Over the years I've gotten numerous emails asking me to do a post detailing how I brew. This post is the answer to those requests. What follows is not the only way, or necessarily the best way, but it is how I brew. The pictures were taken during the brew day for my Citra Pale Ale, a relatively simple, moderate gravity batch. This post is not intended to be a complete guide on homebrewing (How to Brew is what you should read for that), but hopefully it will provide some insight by elaborating on why I've decide to do things in specific ways. If it seems like I've left something out let me know, and I'll add it.
This is my 7.5 gallon aluminum turkey fryer pot. It has served me well for 5 years. I don't regret going aluminum because it is lighter, cheaper, and has better heat conductivity than stainless steel. Your hot liquor tank (HLT) needs to be at least as big as your finished batch size, but bigger is always better.
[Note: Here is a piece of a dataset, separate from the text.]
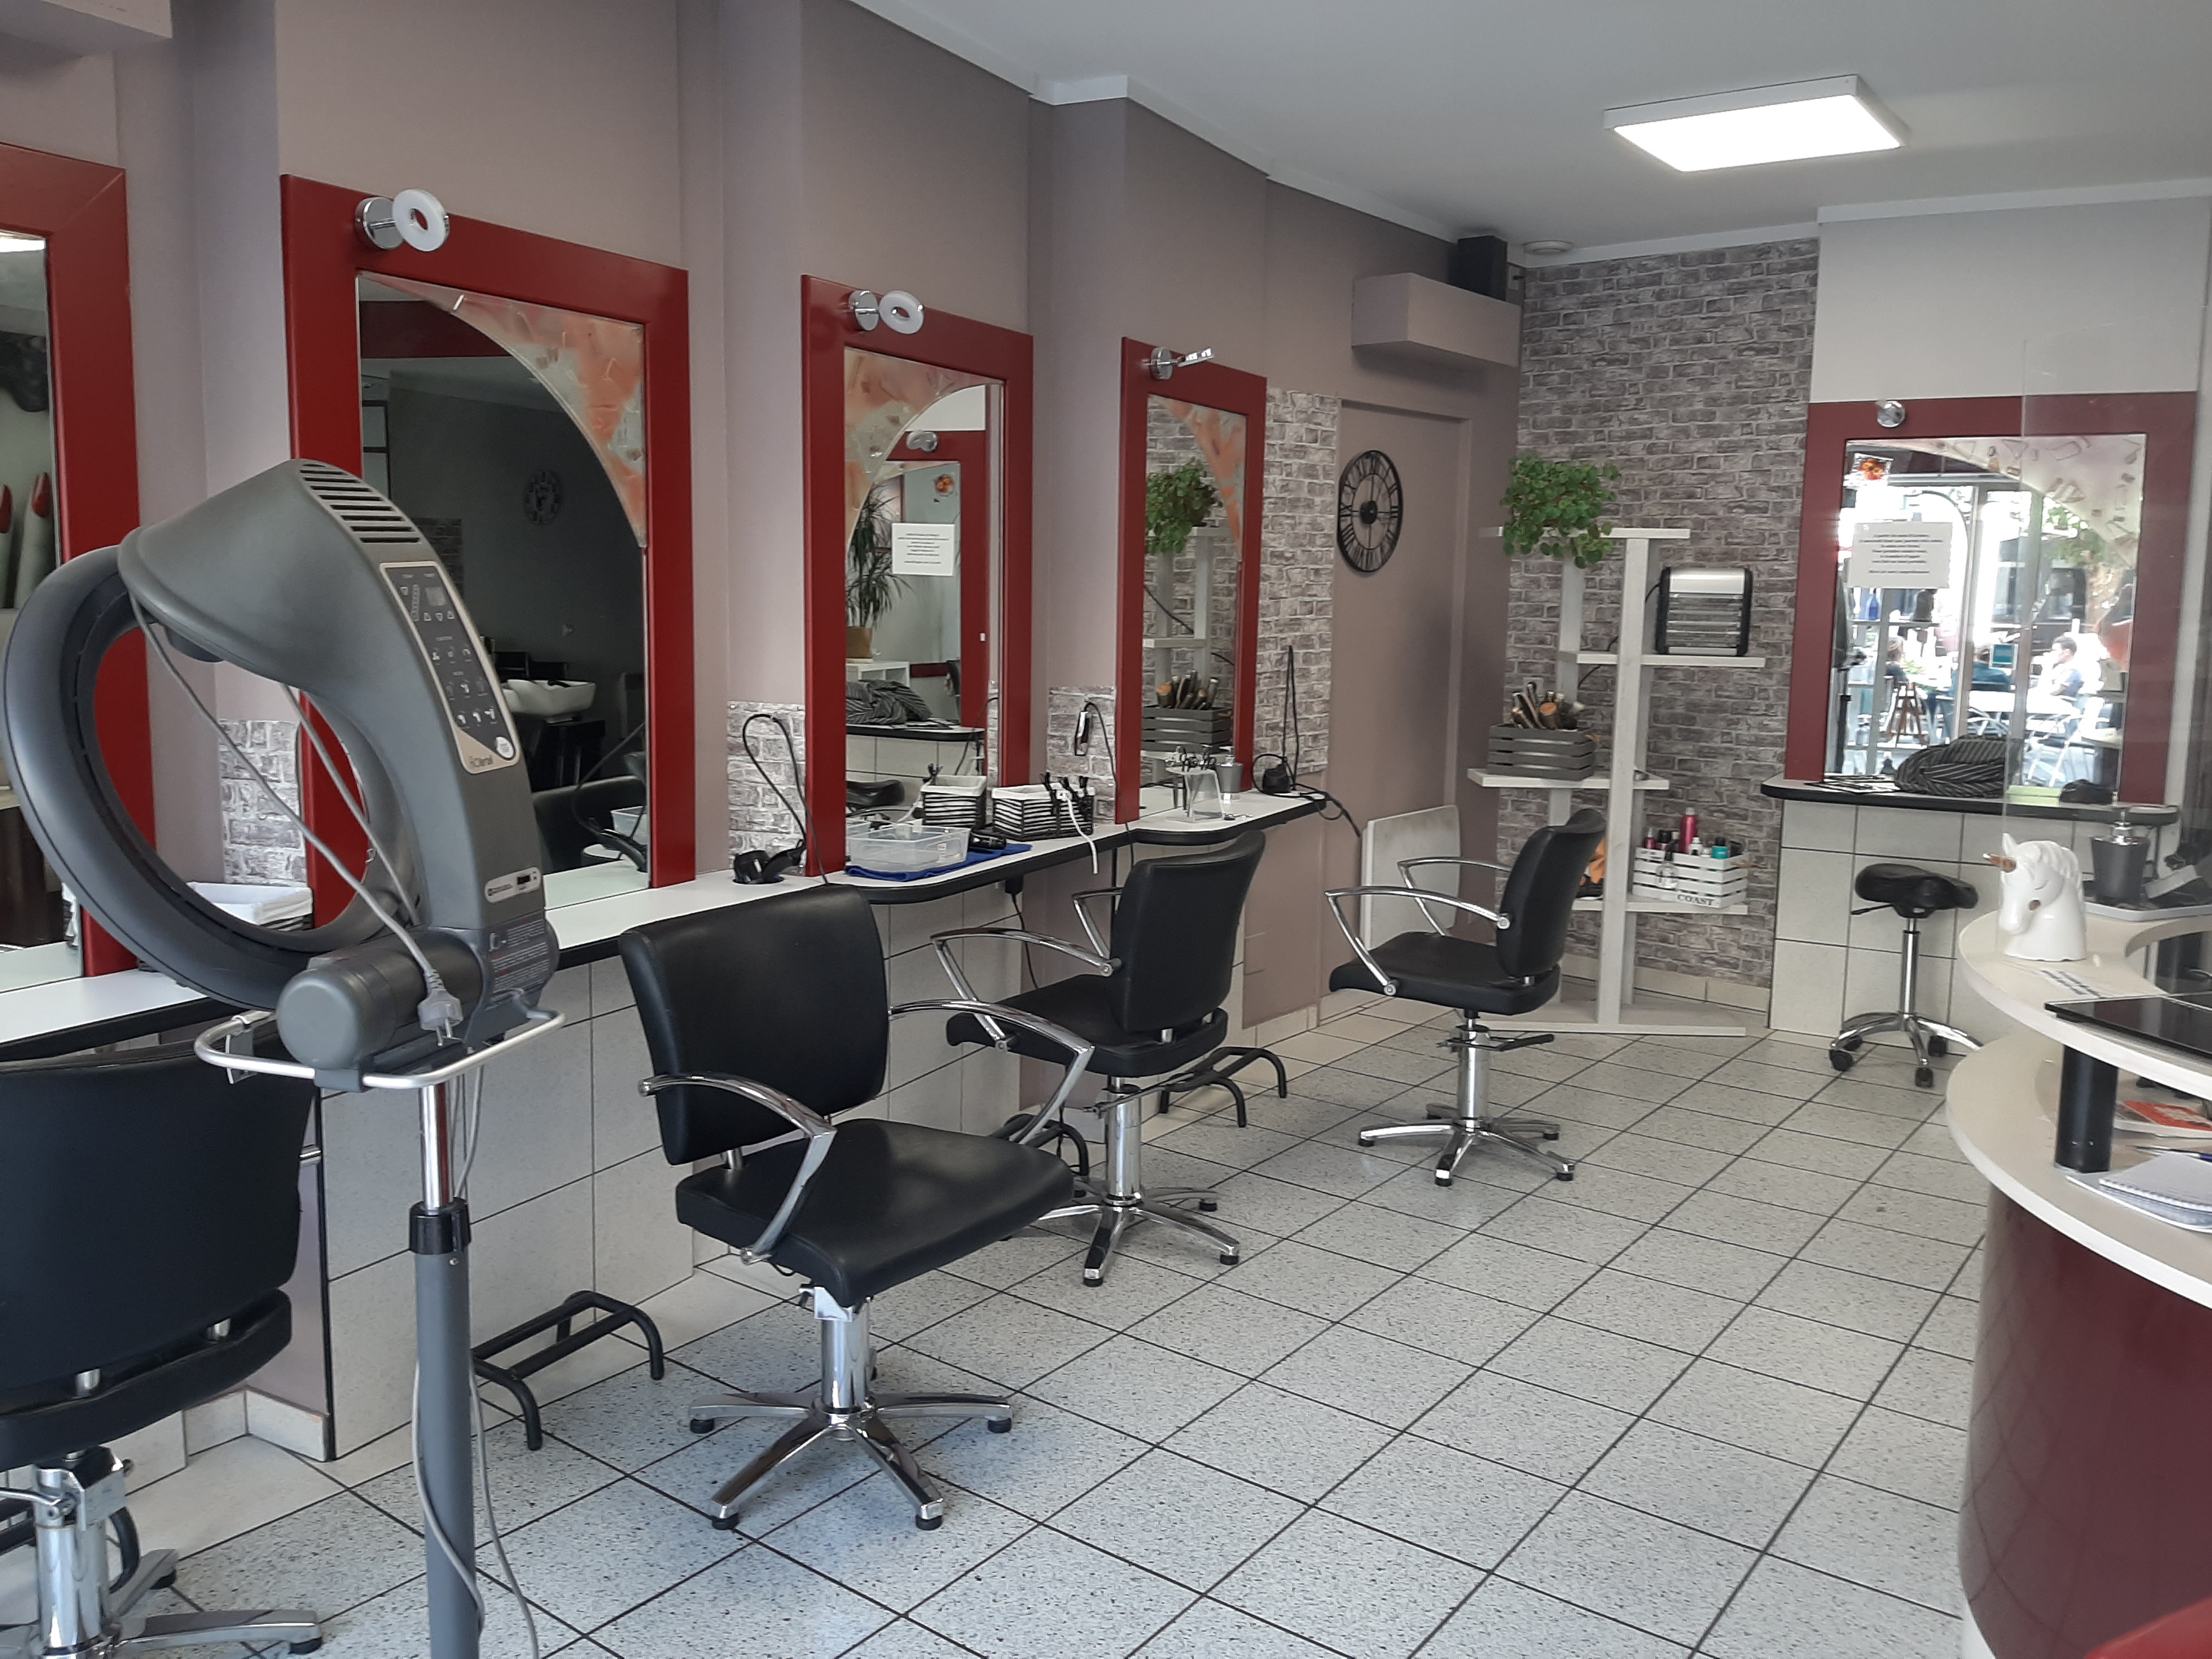 Vend cause santé, fond de commerce d'un salon de coiffure situé dans une charmante ville de l'Aveyron d'environ 5 000 habitants. Idéal pour une première installation
22 000€ à débattre

On top I keep boxes of supplies. One contains all my liquids and powders (water salts, yeast nutrient, Whirlfloc, acids etc...) and the other contains small equipment (airlocks, stoppers, caps, bottling wax, oak cubes etc...). Sanitizers and cleaners go in the middle. Eventually I'd like to get some nice shelves to put everything out on, but for the time being this keeps everything together.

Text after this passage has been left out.